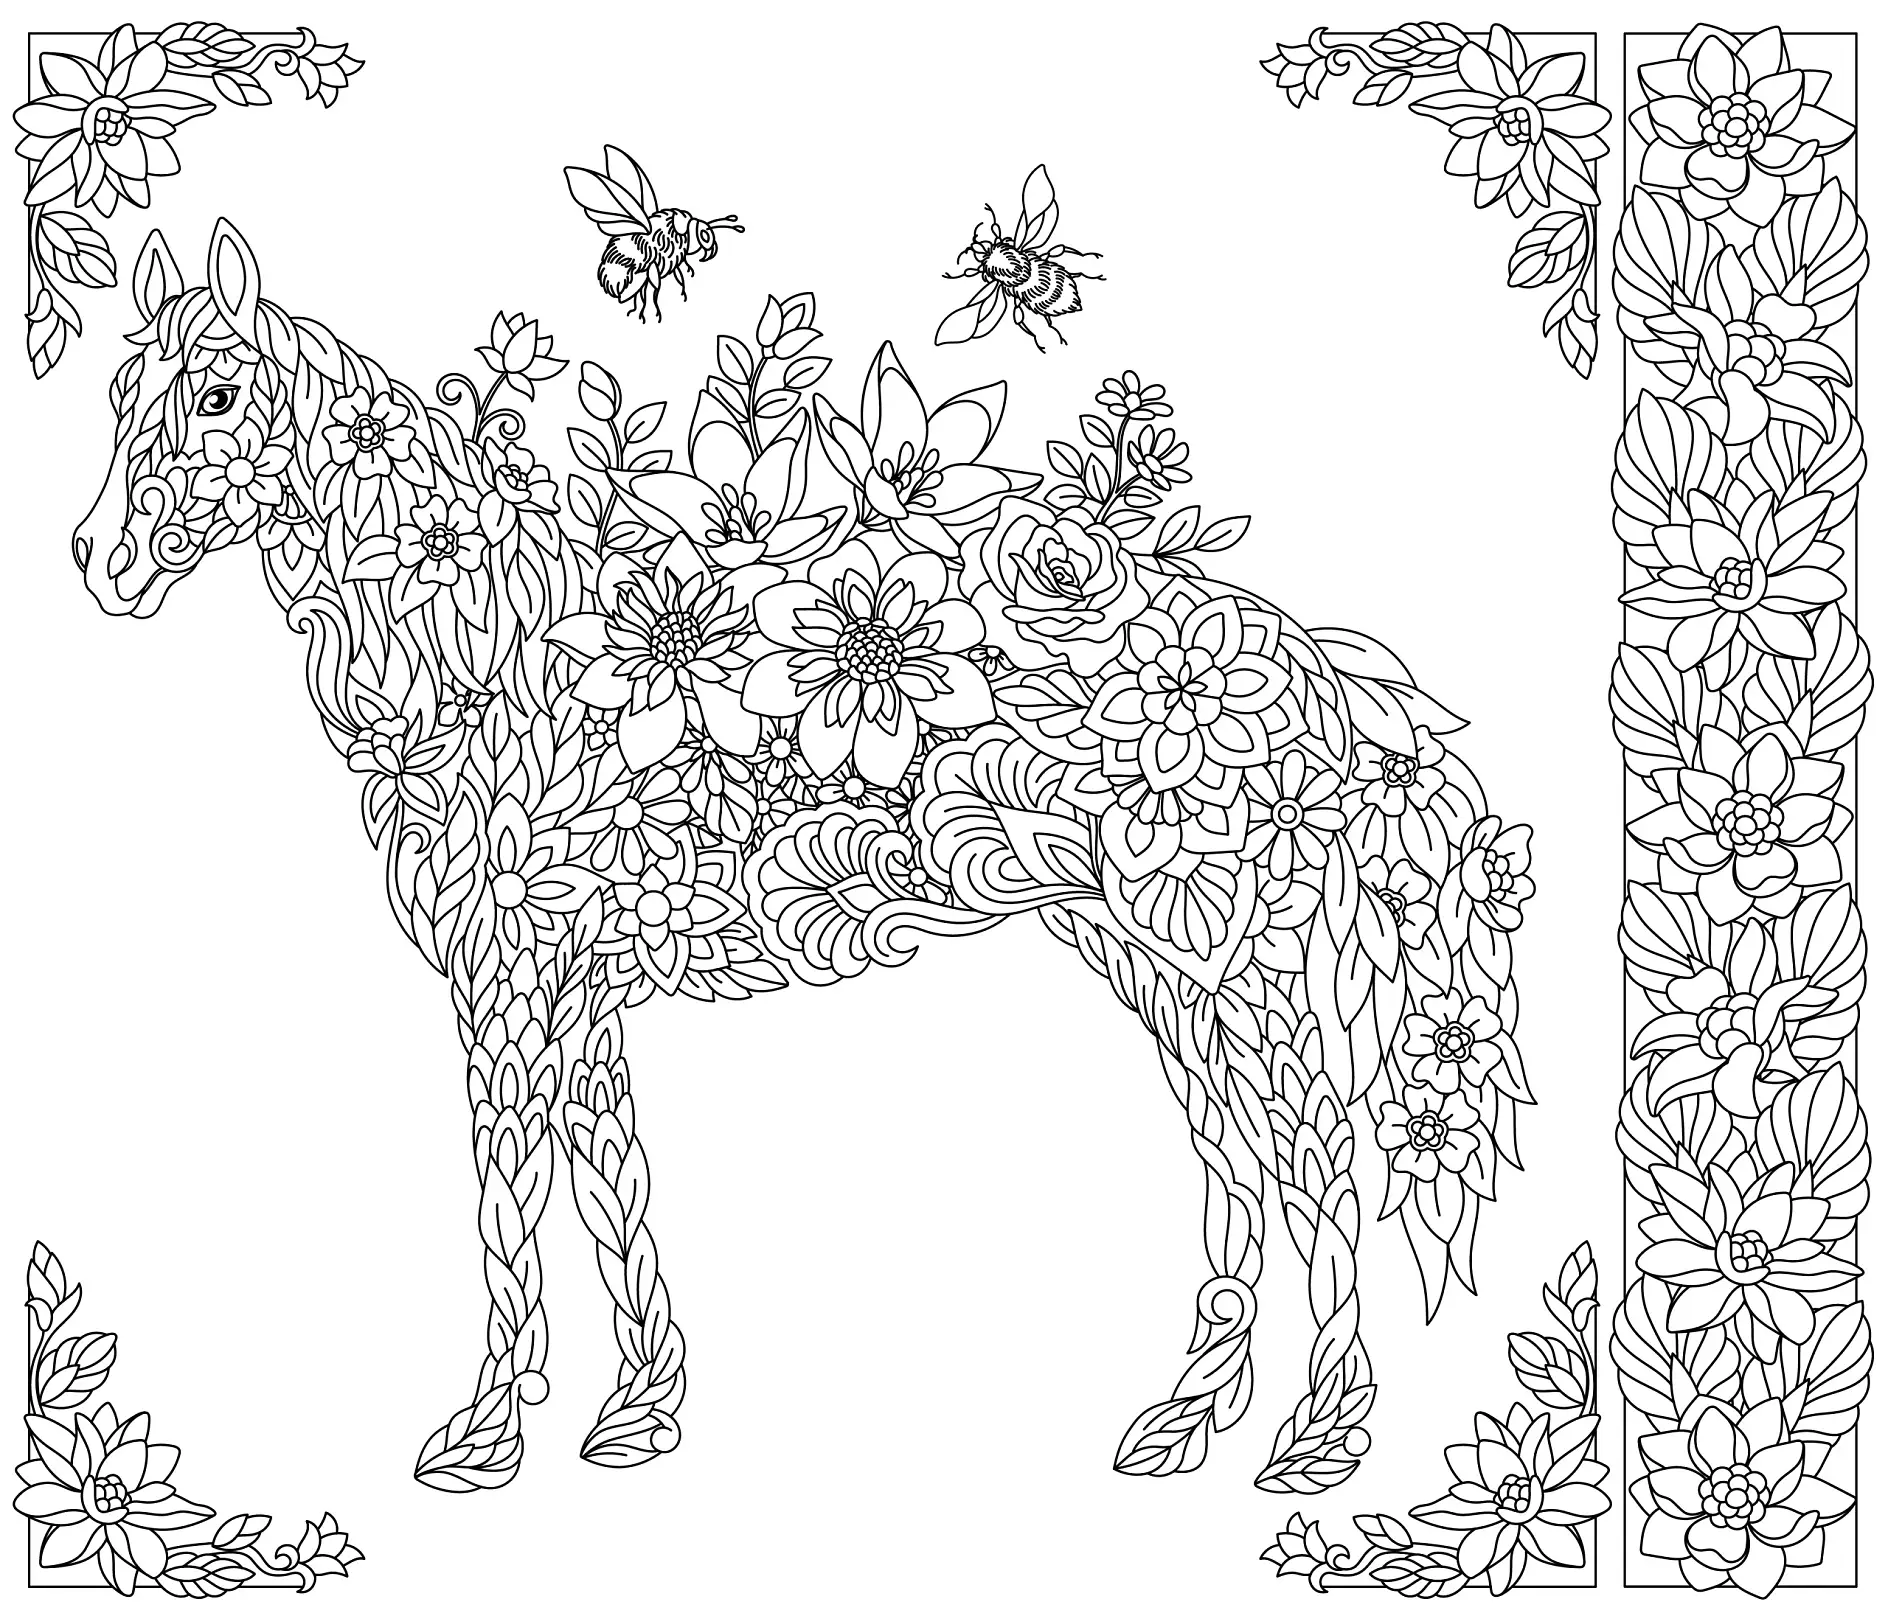 Ausmalbild Mandala mit Pferd und floralen Bordüren
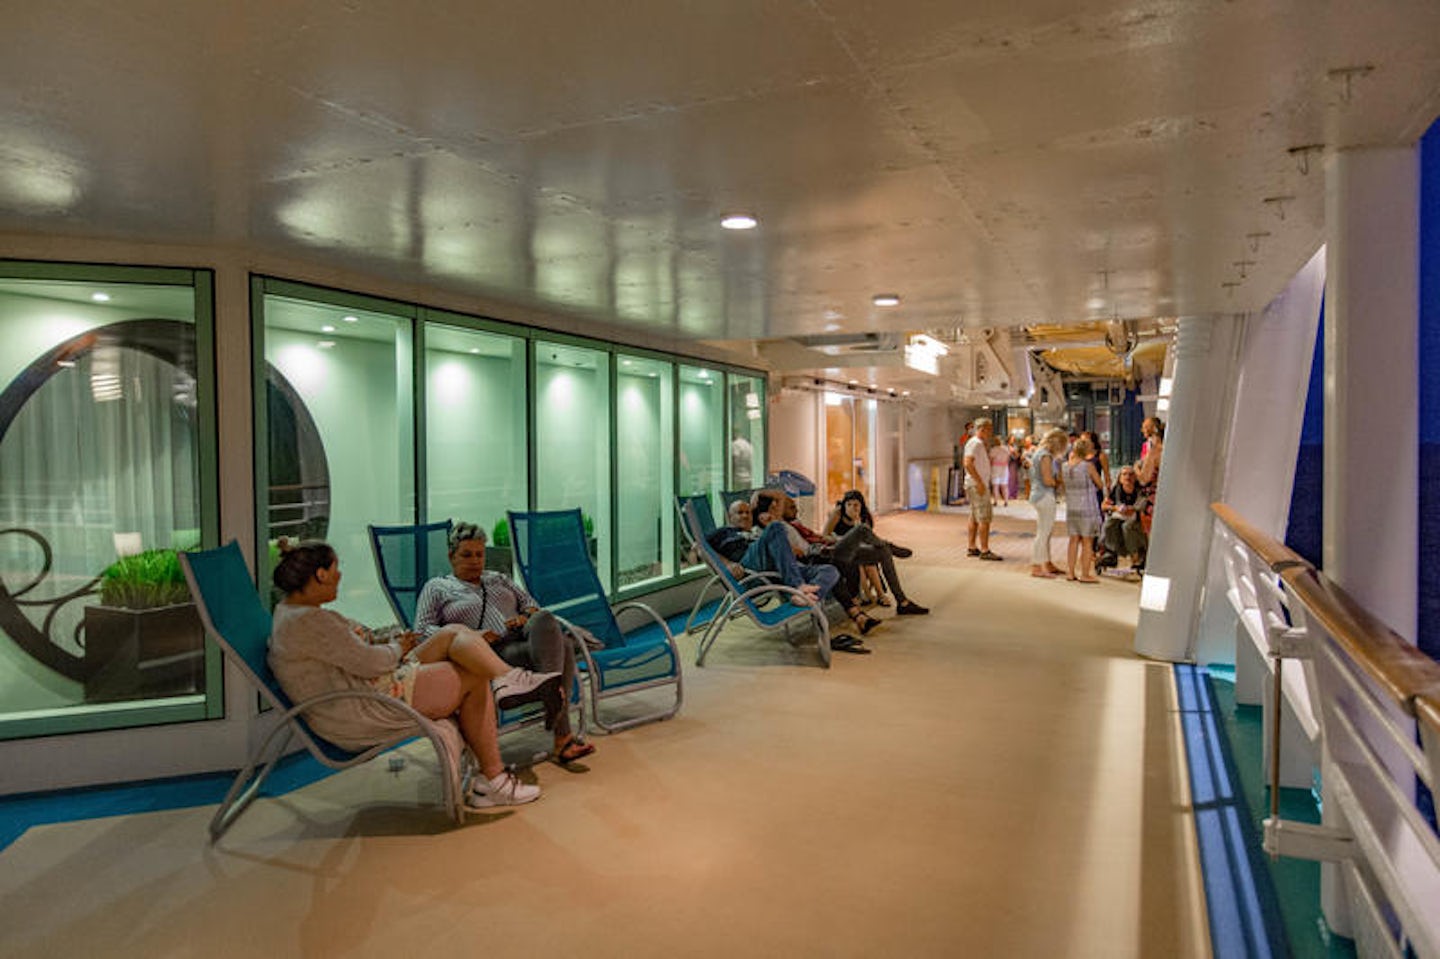 Exterior Decks on Mariner of the Seas
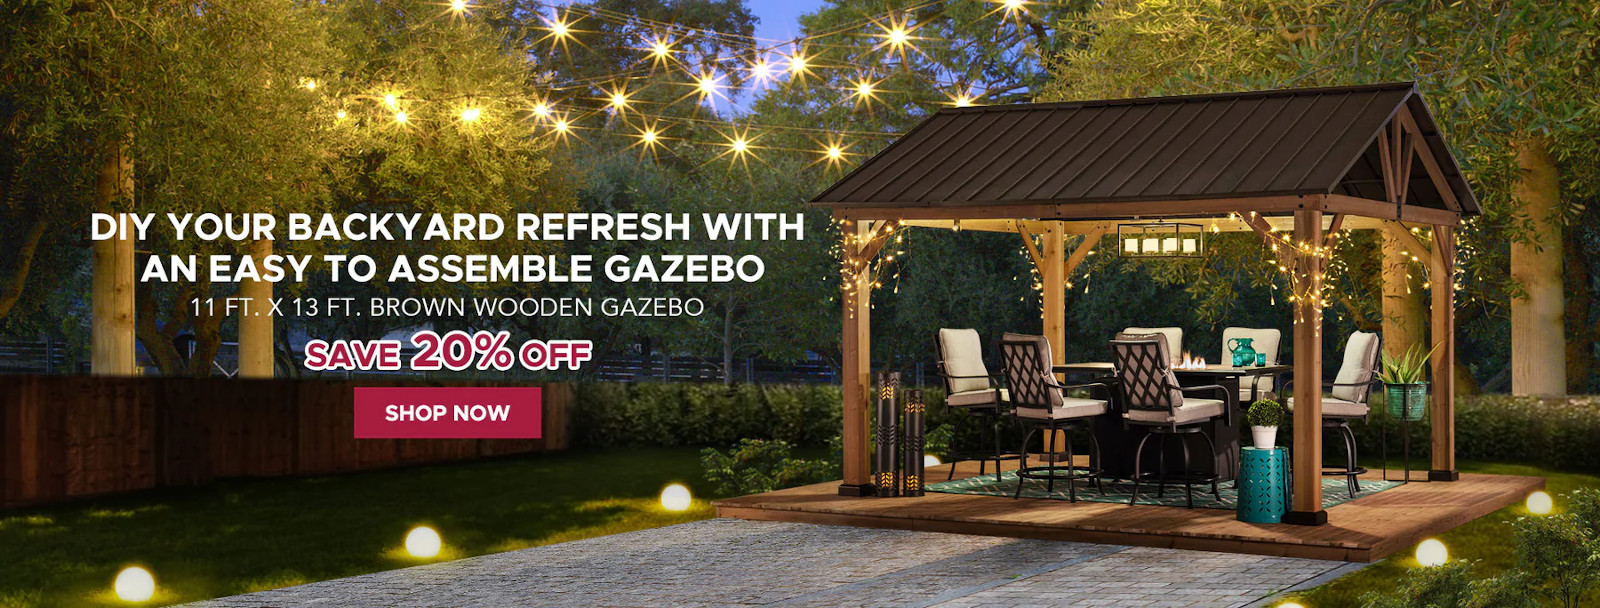 easy assemble gazebo special discount
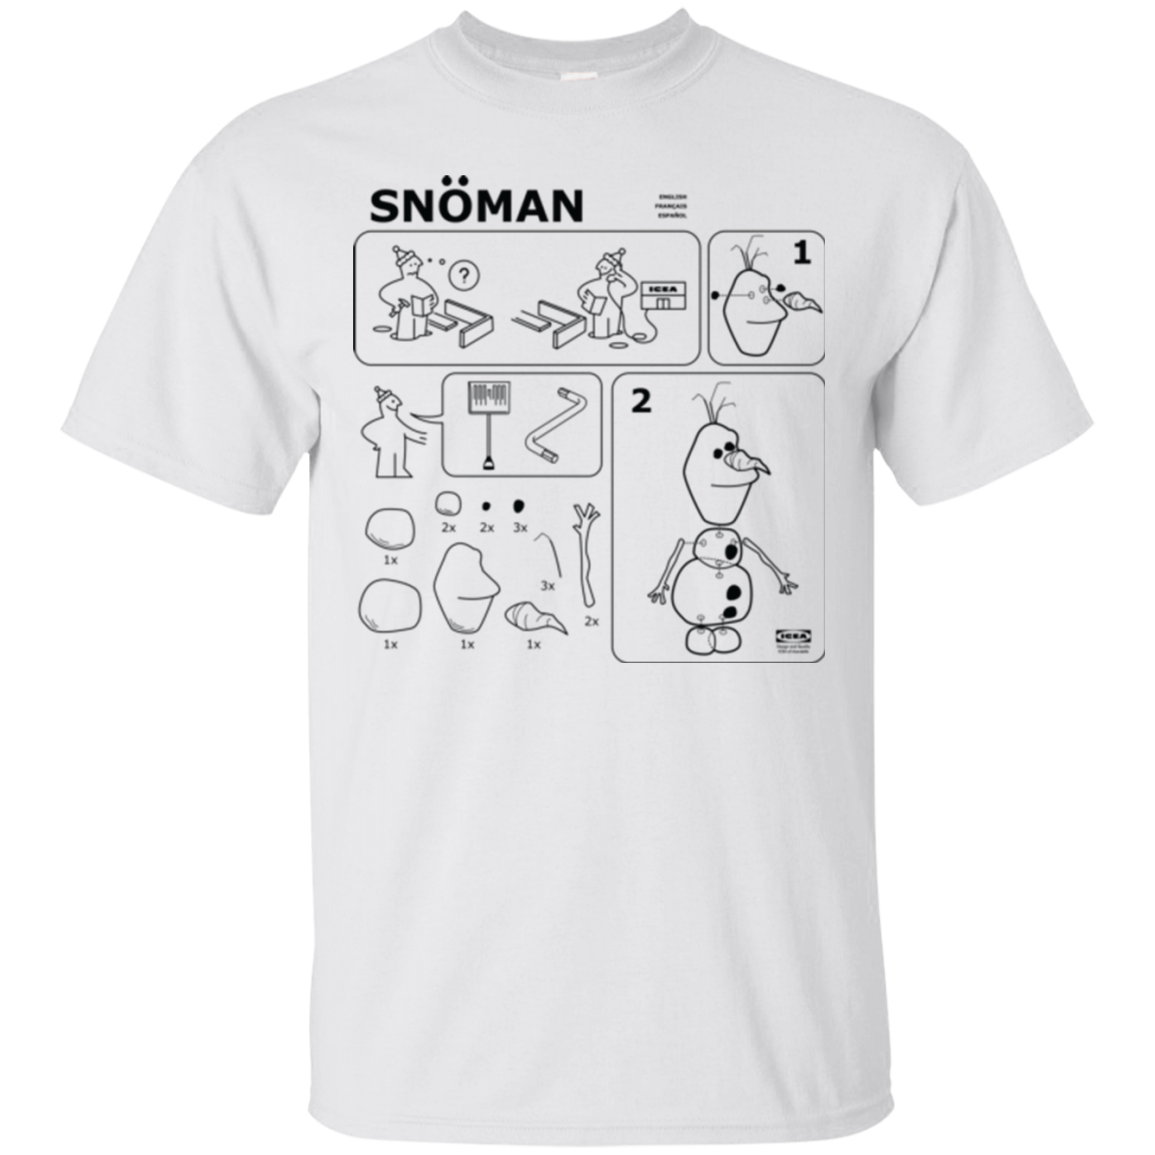 Build a Snowman T-Shirt

**Task to carry out**
The finished answer is an exact repetition of the listing, with every picture removed.

**Solution for this task**
 Ausmalbild Mandala mit Pferd und floralen Bordüren
 Exterior Decks on Mariner of the Seas
 easy assemble gazebo special discount
 Build a Snowman T-Shirt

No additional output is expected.